▶ _Your task_
Whatever pictures appear, omit them, and repeat the data below exactly.

▶ _Data below_
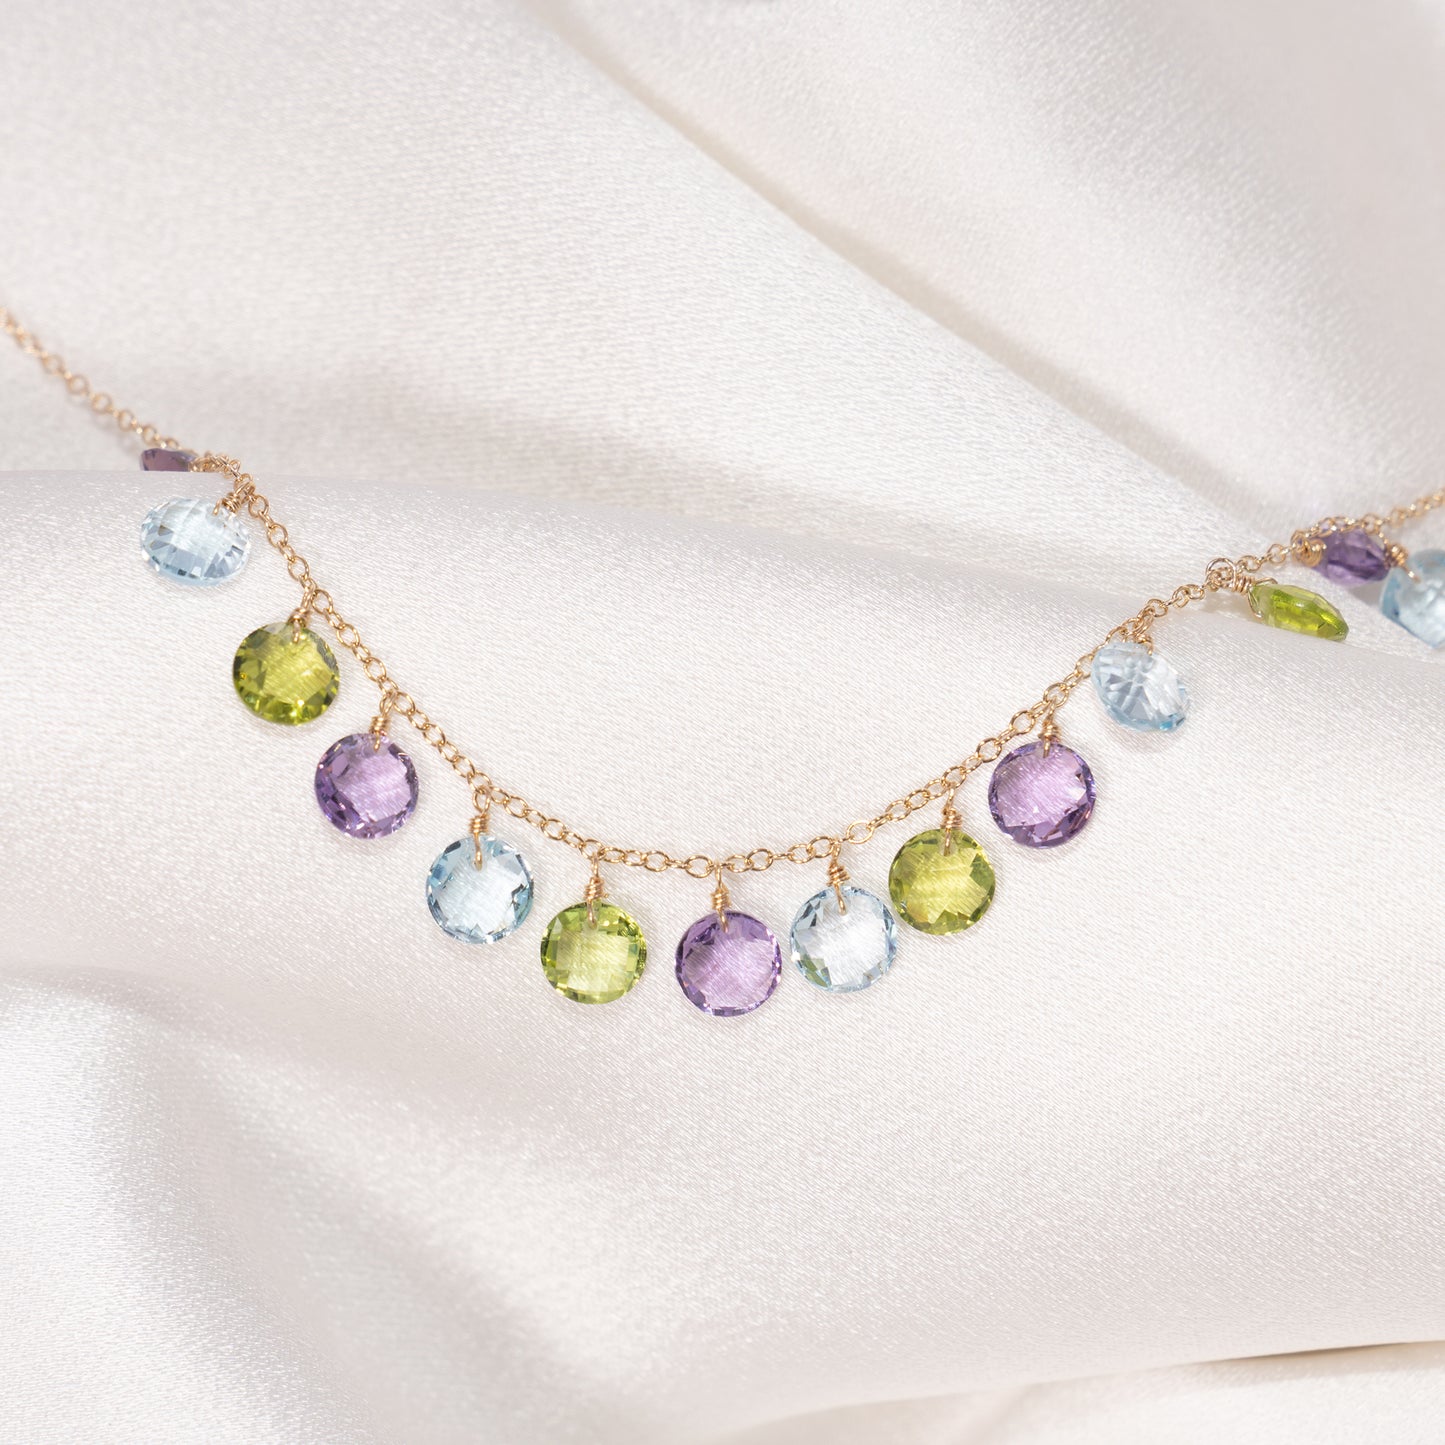 14k Peridot, Amethyst, and Sky Blue Topaz Coin Drop Necklace 17"
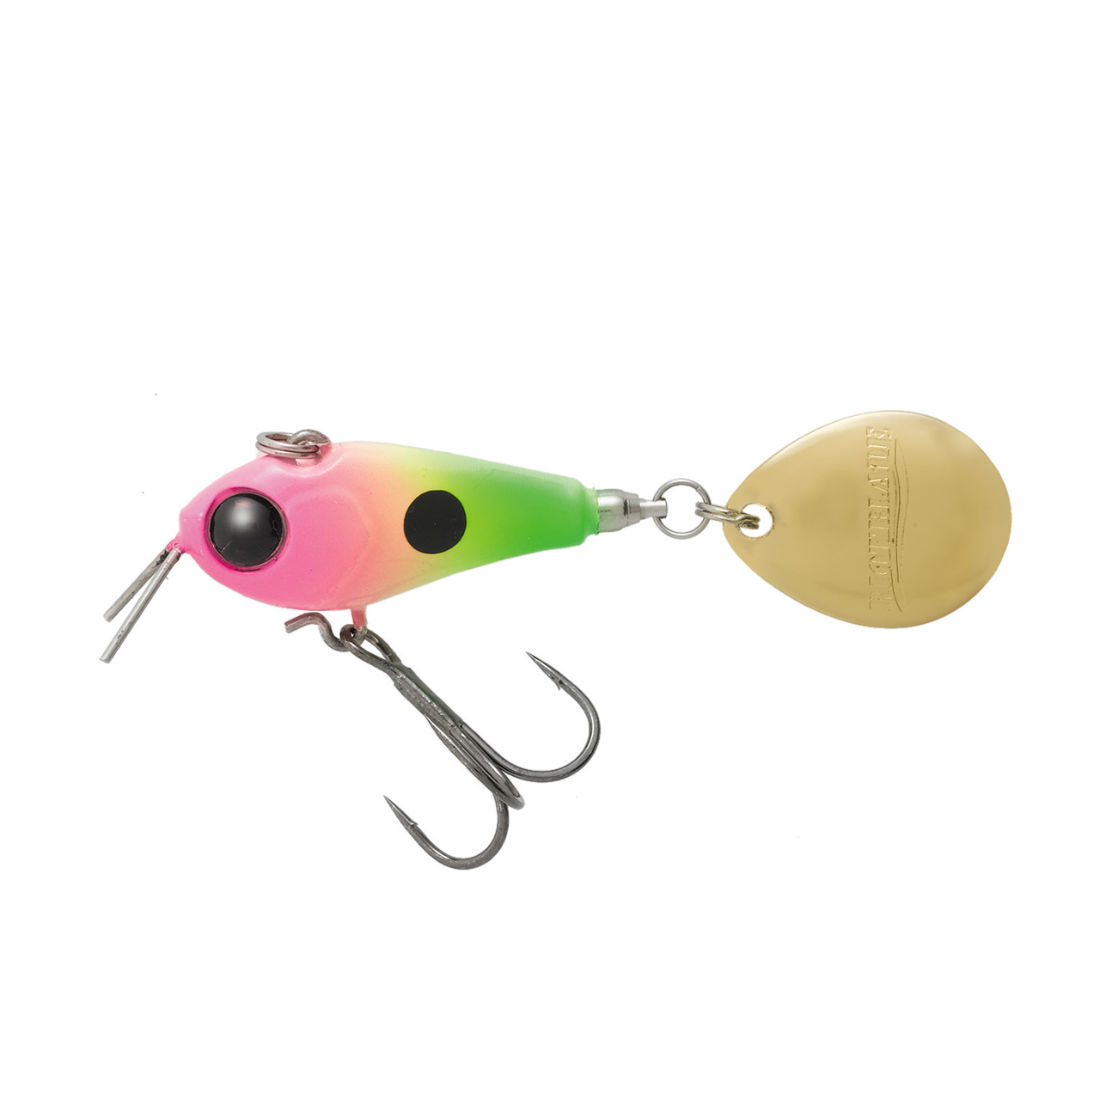 SPINNERTAIL TIEMCO RIOT BLADE S 25mm 9gr 13 Pinky Lime Chartreuse
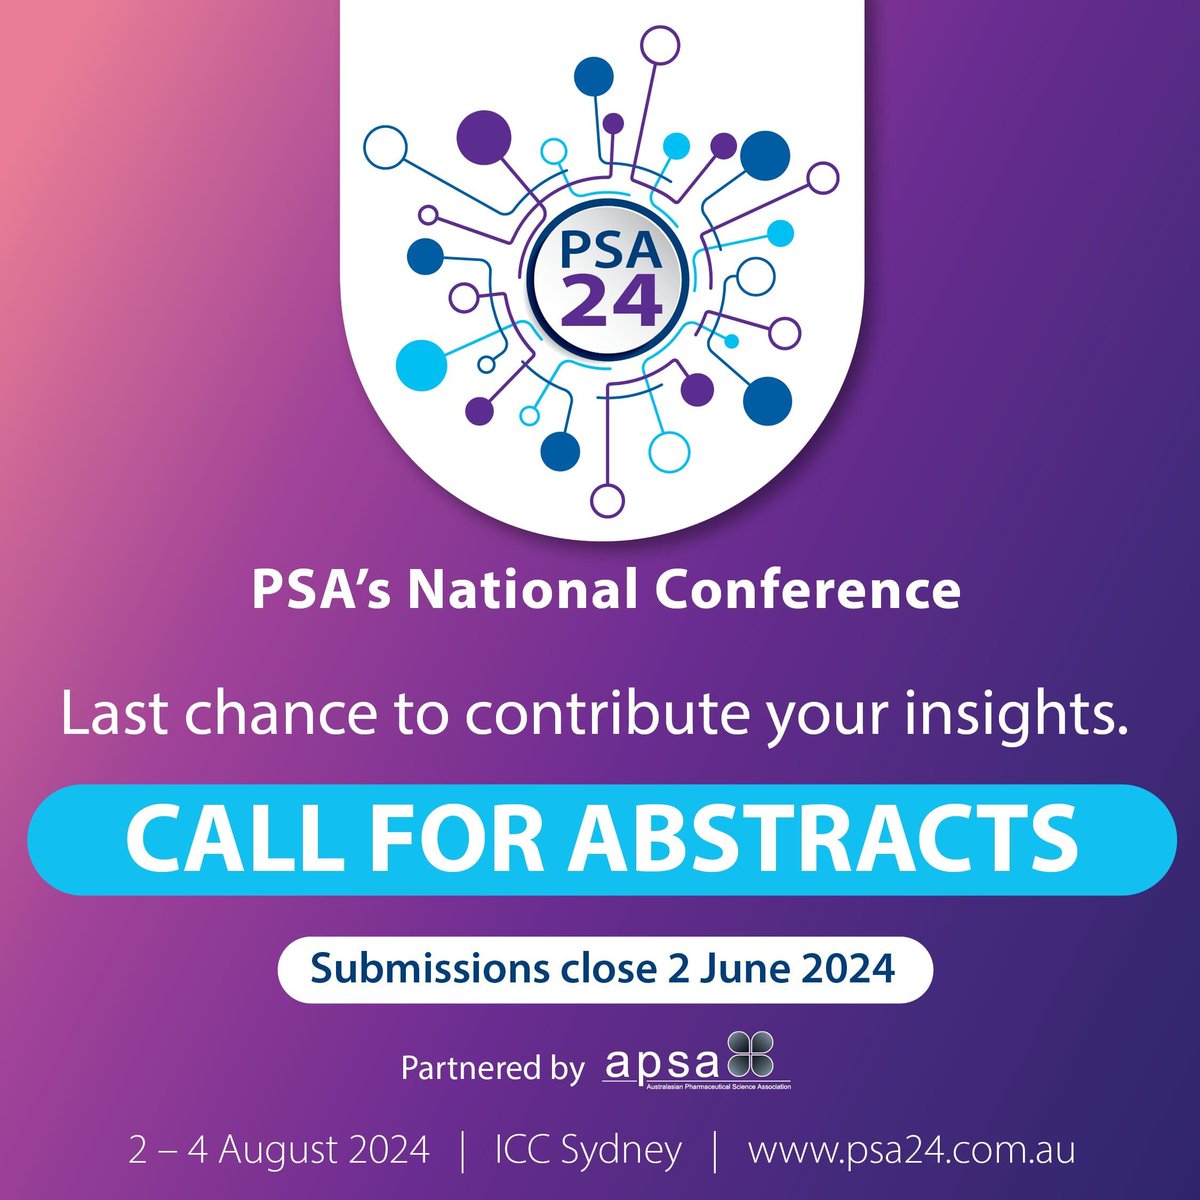 #PSA24 is your platform to influence the future of pharmacy practice. We're seeking dynamic contributions in research papers and case studies. This is your chance to engage with peers, gain expert feedback, and highlight your research. Submit today: buff.ly/3Q4A9H3

▶ _Written answer_
 14k Peridot, Amethyst, and Sky Blue Topaz Coin Drop Necklace 17"
 SPINNERTAIL TIEMCO RIOT BLADE S 25mm 9gr 13 Pinky Lime Chartreuse
 #PSA24 is your platform to influence the future of pharmacy practice. We're seeking dynamic contributions in research papers and case studies. This is your chance to engage with peers, gain expert feedback, and highlight your research. Submit today: buff.ly/3Q4A9H3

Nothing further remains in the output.